Data section: Begin

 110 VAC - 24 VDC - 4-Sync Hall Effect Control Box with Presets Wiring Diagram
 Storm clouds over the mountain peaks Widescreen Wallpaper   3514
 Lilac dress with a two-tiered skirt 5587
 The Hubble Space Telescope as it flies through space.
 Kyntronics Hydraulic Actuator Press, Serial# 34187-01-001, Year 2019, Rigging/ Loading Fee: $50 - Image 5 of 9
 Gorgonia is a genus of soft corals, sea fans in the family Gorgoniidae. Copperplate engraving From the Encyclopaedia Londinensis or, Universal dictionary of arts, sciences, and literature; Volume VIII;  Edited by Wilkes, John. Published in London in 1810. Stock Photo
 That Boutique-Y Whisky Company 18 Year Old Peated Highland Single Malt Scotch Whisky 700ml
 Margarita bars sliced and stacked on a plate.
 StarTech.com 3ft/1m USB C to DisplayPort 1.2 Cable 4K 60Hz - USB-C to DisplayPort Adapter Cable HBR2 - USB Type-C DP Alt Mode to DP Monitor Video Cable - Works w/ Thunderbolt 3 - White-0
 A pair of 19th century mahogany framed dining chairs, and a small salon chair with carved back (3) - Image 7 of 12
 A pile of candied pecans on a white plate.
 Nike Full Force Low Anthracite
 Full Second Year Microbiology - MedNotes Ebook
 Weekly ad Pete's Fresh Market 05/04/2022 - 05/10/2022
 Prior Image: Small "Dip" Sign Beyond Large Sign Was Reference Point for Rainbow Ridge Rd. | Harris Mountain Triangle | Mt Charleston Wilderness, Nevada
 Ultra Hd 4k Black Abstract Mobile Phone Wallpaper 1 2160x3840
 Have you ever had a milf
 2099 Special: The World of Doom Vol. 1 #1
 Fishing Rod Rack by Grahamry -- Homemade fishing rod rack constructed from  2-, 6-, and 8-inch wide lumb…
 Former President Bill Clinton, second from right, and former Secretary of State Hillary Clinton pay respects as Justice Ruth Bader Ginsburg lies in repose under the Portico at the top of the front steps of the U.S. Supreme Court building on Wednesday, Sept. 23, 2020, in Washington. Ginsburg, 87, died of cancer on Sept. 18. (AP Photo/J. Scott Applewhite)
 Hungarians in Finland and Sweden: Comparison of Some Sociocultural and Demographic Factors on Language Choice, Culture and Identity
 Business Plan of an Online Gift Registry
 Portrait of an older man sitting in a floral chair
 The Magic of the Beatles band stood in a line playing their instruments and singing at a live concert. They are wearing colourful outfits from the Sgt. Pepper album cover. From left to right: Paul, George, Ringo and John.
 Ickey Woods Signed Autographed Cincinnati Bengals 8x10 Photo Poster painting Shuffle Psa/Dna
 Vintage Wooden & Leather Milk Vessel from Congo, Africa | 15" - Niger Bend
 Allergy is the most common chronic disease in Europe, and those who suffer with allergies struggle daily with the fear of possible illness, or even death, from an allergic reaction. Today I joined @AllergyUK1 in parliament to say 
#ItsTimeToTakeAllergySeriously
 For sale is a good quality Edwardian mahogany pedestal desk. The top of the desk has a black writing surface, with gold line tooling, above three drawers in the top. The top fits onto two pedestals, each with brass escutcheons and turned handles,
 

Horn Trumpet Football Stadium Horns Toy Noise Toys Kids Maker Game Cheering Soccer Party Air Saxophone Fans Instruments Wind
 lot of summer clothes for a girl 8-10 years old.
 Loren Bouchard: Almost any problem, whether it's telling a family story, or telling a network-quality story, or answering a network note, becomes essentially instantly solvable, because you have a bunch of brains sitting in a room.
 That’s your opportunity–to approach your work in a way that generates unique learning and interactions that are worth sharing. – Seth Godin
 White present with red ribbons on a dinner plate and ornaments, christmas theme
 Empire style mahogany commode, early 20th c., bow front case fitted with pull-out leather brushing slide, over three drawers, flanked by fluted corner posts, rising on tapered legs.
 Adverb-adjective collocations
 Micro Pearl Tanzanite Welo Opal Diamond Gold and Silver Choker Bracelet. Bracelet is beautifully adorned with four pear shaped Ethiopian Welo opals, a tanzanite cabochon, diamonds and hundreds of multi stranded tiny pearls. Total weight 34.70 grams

Data section: End

Exercise
Retype only the lines above between the line with "Lilac dress with a two-tiered skirt 5587" and the line with "StarTech.com 3ft/1m USB", counting those two lines as well, and keep every character as it is.

Task response
 Lilac dress with a two-tiered skirt 5587
 The Hubble Space Telescope as it flies through space.
 Kyntronics Hydraulic Actuator Press, Serial# 34187-01-001, Year 2019, Rigging/ Loading Fee: $50 - Image 5 of 9
 Gorgonia is a genus of soft corals, sea fans in the family Gorgoniidae. Copperplate engraving From the Encyclopaedia Londinensis or, Universal dictionary of arts, sciences, and literature; Volume VIII;  Edited by Wilkes, John. Published in London in 1810. Stock Photo
 That Boutique-Y Whisky Company 18 Year Old Peated Highland Single Malt Scotch Whisky 700ml
 Margarita bars sliced and stacked on a plate.
 StarTech.com 3ft/1m USB C to DisplayPort 1.2 Cable 4K 60Hz - USB-C to DisplayPort Adapter Cable HBR2 - USB Type-C DP Alt Mode to DP Monitor Video Cable - Works w/ Thunderbolt 3 - White-0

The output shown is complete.